The control unit 20 receives as input an ECG signal and, in case it detects a QRS value, it processes the predetermined phase shift TR therewith a first pulse of the output signal 20’ has to be generated. Once such phase shift has elapsed, at the instant To the control unit 20 transmits the activation control to the motor means 30 which actuates the pushing means 11 according to a pulsating movement.

The control unit 20 monitors the position of the pushing means 11 during their movement. When the control unit 20 detects that the pushing means 11 is in retracted position, the duration T of said first pulse of the output signal 20’ has ended. Upon the detection of a subsequent QRS value, the control unit 20 processes again a predetermined phase shift, preferably the same predetermined phase shift calculated for the above-mentioned first pulse, by generating a second pulse which activates the motor means 30 at the instant To _+i , with the purpose of actuating the pushing means 11 analogously to what described above for the preceding pulse.

In the example illustrated in Figure 6 it can be seen that the control unit 20 can be configured to generate an output signal 20’ wherein the decompression time TD is variable as a function of the time TF elapsing between two consecutive heartbeats.

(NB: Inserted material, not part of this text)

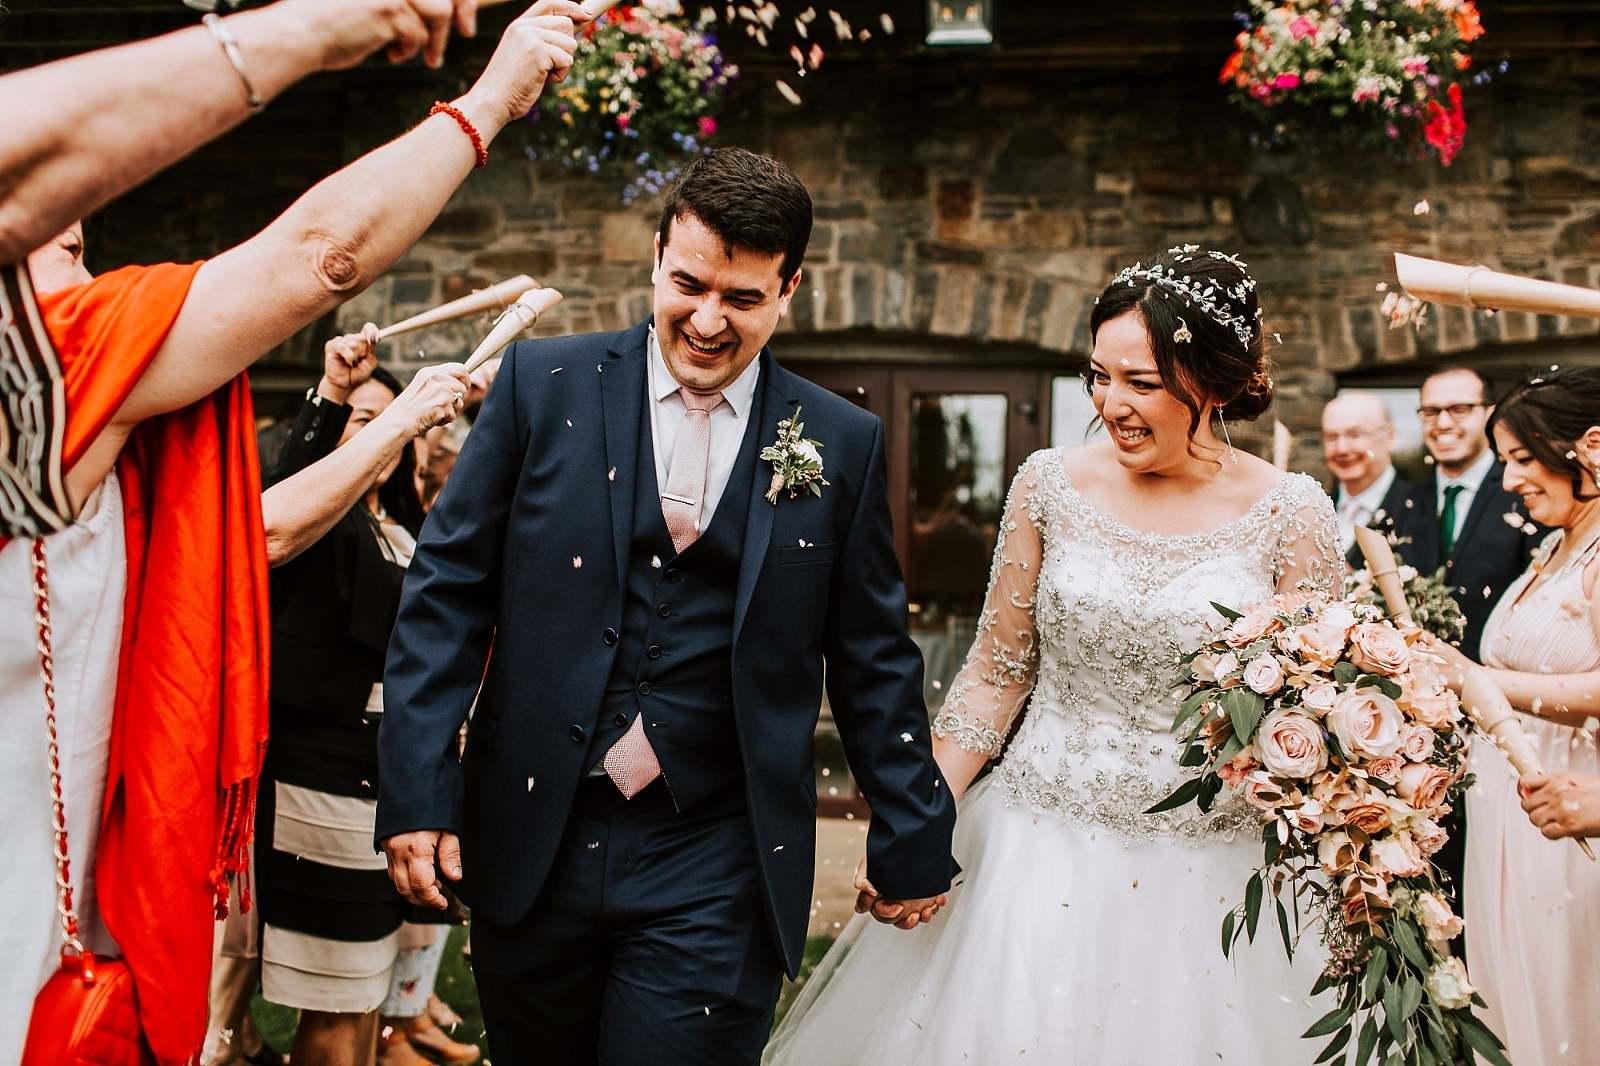 Canada Lake Lodge Wedding Cardiff South Wales Photographer Sheetal Varsani

Advantageously, in this way it is possible to handle patients with cardiac arrhythmia (extrasystole, arrhythmia of various type) which, with respect to the normal cadence, determine for example some QRS (illustrated generically with Tx in the graph of Figure 6) in advance or late. In case the beginning of the decompression phase TD takes place with a certain phase shift Tx, the profile of the output signal 20’, as it can be seen, assumes a substantially trapezoidal wave form.

The control unit 20 then advantageously can be configured to follow the wave form of the signal which can be associated to the data entering it, by generating an output signal 20’ whose pulses comprise an increased (or decreased) compression time Tc with respect to the preceding (or subsequent) pulse as a function of a variability of the heart rate rhythm.

According to an additional aspect, the present invention relates to a method for treating hydrocephalus comprising the steps of: - providing a device wearable on a user’s neck, the device comprising movable pushing means,

- generating a pulsating movement of said pushing means at the jugular veins, wherein the pulsating movement is generated according to the user’s heart rate and, preferably, with a predetermined phase shift with respect to the frequency of its heartbeat.

The present invention has been sofar described with reference to preferred embodiments thereof. It is to be meant that each one of the technical solutions implemented in the preferred embodiments, herein described by way of example, could advantageously be combined differently therebetween, to create other embodiments, belonging to the same inventive core and however all within the protective scope of the herebelow reported claims.